You may or may not be aware that the STM32F407 evaluation boards (STM32F4DISCOVERY / STM32F407G-DISC1) are kitted out for audio processing. They come equipped with with a MP45DT02 MEMS microphone along with a CS43L22 DAC.
For a while now I’ve been interested in getting the MP45DT02 up and running. After putting it off with one excuse or another, I recently found the time (and motivation) to experiment with it.
The MP45DT02 isn’t what I consider a “standard” microphone. Granted, I have no previous experience with low level interfacing with audio devices, but when I think of a microphone, I envisage a device which produces an analogue output signal. Through sampling with an Analogue to Digital Converter (ADC), it is then possible to acquire a stream of Pulse Code Modulation (PCM) samples.
This MP45DT02 is a MEMS microphone however, which instead of outputting an analogue waveform produces a stream of digital Pulse Density Modulation (PDM) samples. Each individual bit in this stream is a sample. The amplitude of the sampled audio waveform can be inferred from the “density of the pulses”, i.e. as the amplitude of the sampled signal increases you will find a larger cluster of 1’s in the PDM stream.
How can we use PDM? Since the density of “1’s” is proportional to the audio amplitude we can simply start by taking a moving average of the PDM samples. E.g. consider averaging a series of PDM samples taken in:
avg([0,0,0,1,0]) = 0.2
avg([1,0,1,1,1]) = 0.8.
These values should hopefully feel like more appropriate representations of an analogue waveform under such conditions.
However, a moving average of the PDM stream is still going to be an average of 1-bit samples. In order to provide as much useful information as possible in each averaged sample, we want to average a unique set of PDM bits each time. In order to achieve this we need to oversample the PDM microphone by the same factor. In the above example we would sample at 5 times the desired sampling frequency, calculate a moving average, then proceed to throw away all averages except every fifth value (this concept of throwing away output samples is known as downsampling). E.g. we desire a 8 kHz output waveform, so with our 5-to-1 averaging method we would need to sample the PDM microphone at 40 kHz.
A moving average is a basic form of a Finite Impulse Response (FIR) filter. In the above case it was a 5 tap filter, where every scaling coefficient is equal to
1/5 = 0.2. As with any form of signal sampling, it is a good idea to stick a Low Pass Filter (LPF) after the sampling process to limit aliasing effects. Similar to a moving average, LPFs can be implemented with a FIR filter, and by using a LPF we do not require to use a moving average. The difference being the LPF’s coefficients must be carefully chosen so that the filtering process will reduce the effects of any high frequency components in the stream.
In case anyone was interested, I worked through the same 5 tap, decimate by 5 example discussed above except using the more formal FIR equation.

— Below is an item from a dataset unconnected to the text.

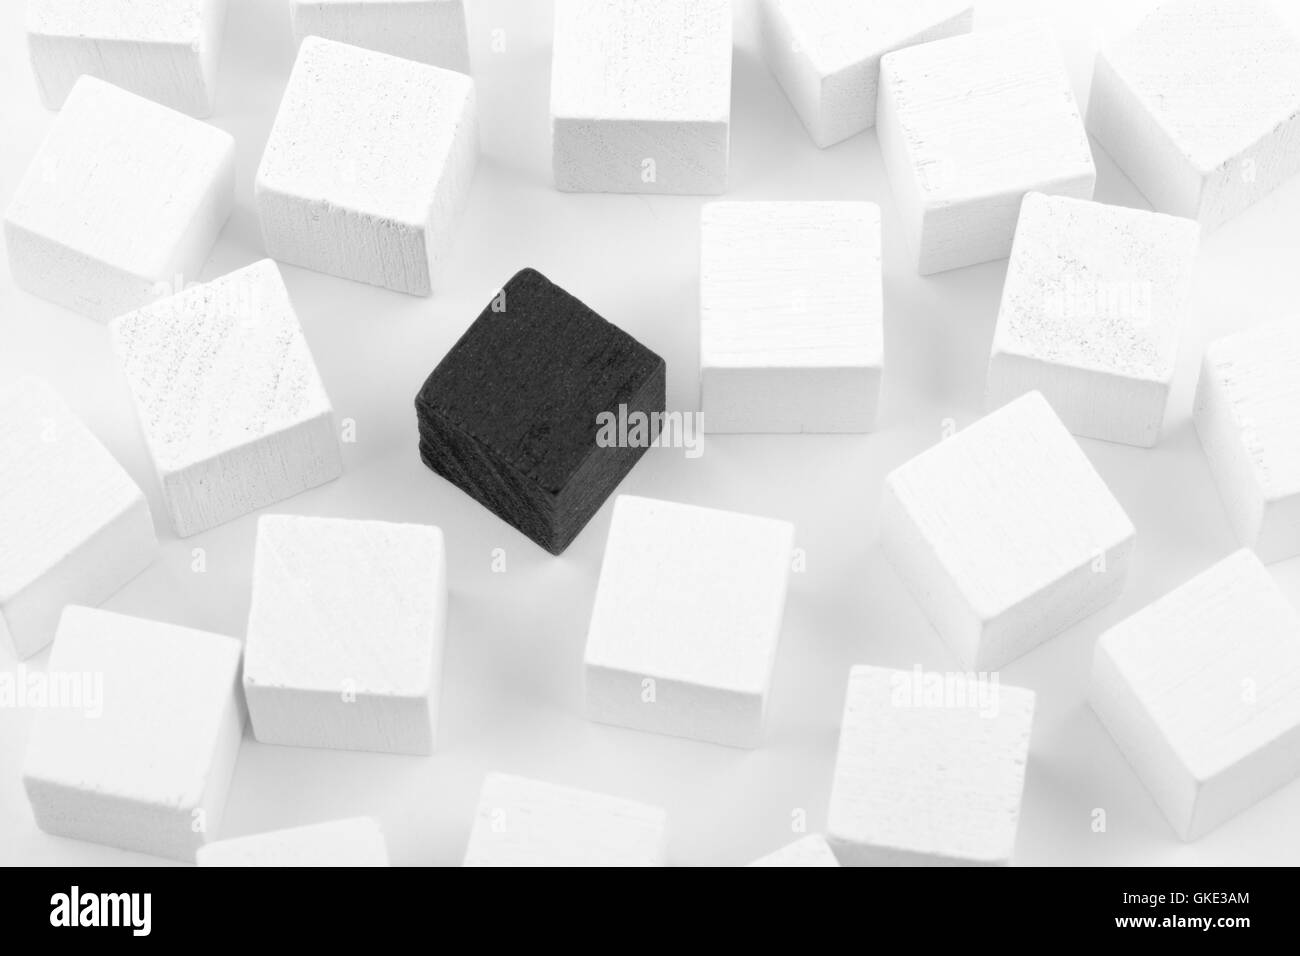 Black cube surrounded by white cubes Stock Photo

Unfortunately, the above example is rather simplistic, and using 5 samples to calculate the average is not enough to produce a reasonable quality output signal. Considering the simple moving average filter again, with 5 samples we can only obtain the levels
0, 0.2, 0.4, 0.6, 0.8, 1.0. This leads us to another maths filled Wikipedia page: Quantisation Noise. More taps will be required to produce more granular signal levels in the output signal. This comes at a cost however, a higher PDM sampling rate and more taps both require more CPU cycles for processing.
It is worth noting the number of taps in the FIR filter can be equal to, or greater than the desired decimation factor. A good reason reason for a greater number of taps is to improve the filter’s attenuation of high frequencies.

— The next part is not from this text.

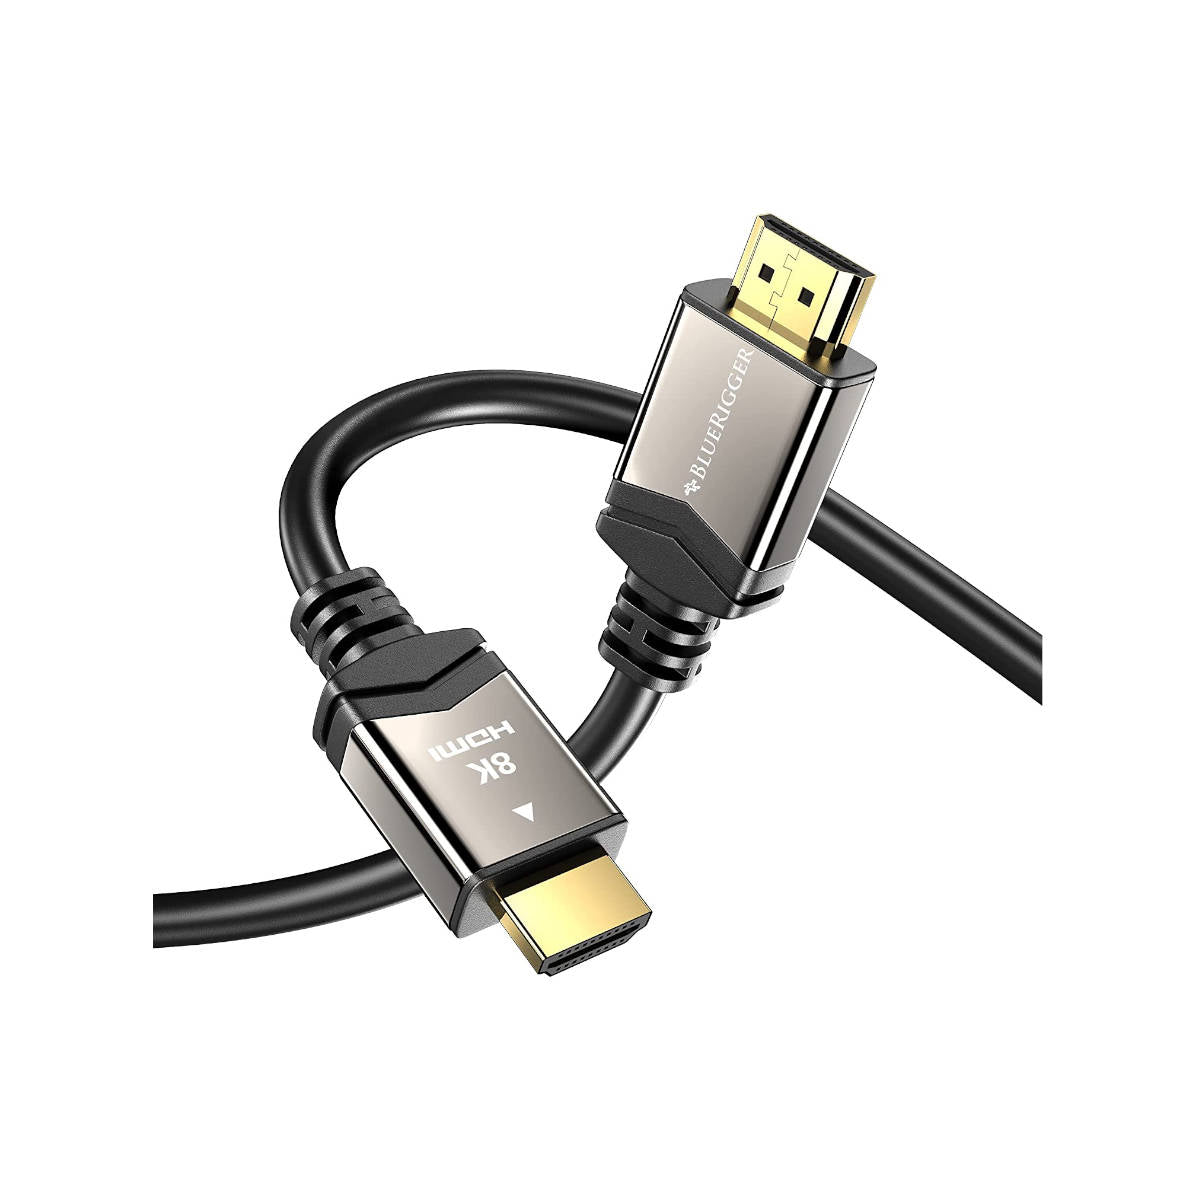 HDMI Cables 4K Resolution Ultra HD, Buy HDMI Cables Online

To summarise (TLDR); there are three main steps to convert a PDM stream to a more familiar (and useful) PCM stream. This can be reduced down to two steps by combining steps 2 and 3, since we only need to perform calculations for the output values we intend to keep. To throw in some additional technical lingo, the combination of filtering to remove aliasing and downsampling is known as decimation.
The MP45DT02 is designed to allow stereo audio capture; two of the devices can operate simultaneously, sharing a bus. If pin 2, (labelled LR) is connected to GND the MP45DT02 is placed in “left” channel mode. In this mode, a sample is latched to the data output pin (PDM) on a falling edge of the clock. On the rising clock edge, the output is set to high impedance. If the LR pin is connected to Vdd then the device operates in “right” channel mode and the MP45DT02 latches it’s sample to PDM on a clock rising edge, setting the pin to high impedance on the falling edge of the clock. The timing diagram below shows the behaviour.
On the STM32F4DISCOVERY, the LR pin is grounded so the device permanently operates in “left” channel mode; the data being valid when the clock is low. The MP45DT02 is thus expecting to be sampled between clock transitions, when the data line is stable. This is quite different behaviour from the I2S protocol (which appears to be most common method to interface to this device). In I2S the data is loaded to the line on the falling edge of the clock, to be valid for sampling on the rising edge. The I2S protocol can be seen in the diagram taken from ST’s datasheets below.
It appears to me using I2S to sample the MP45DT02 is somewhat of a hack. From the timing information provided in the MP45DT02 datasheet the microphone can take up to 16 ns to clear the data from the PDM pin on a clock rising edge. The rise time of STM32F407 clock signal varies with load capacitance, but is rated at 4 ns at 30 pF. Presumably using I2S works because the vast majority of the time the MP45DT02 takes longer than 4 ns to react to the rising clock, allowing the STM32F4 to sample the data before it is cleared.
Below are the key values used in this example:
The following diagram provides an overview of this example. The orange boxes along the top show the various stages of data processing functionality, while the yellow boxes show the clock configuration.
The connections between the STM32 MCU and the PDM microphone are listed below. The pins in use are controlled by the I2S2 hardware driver.
|STM32F407 Pin||MP45DT02 Pin|
The required I2S clock is calculated by:
output frequency * decimation factor = 16 kHz * 64 = 1024 kHz
The below table shows the various stages of configuration which allow this signal to be output from the STM32F407.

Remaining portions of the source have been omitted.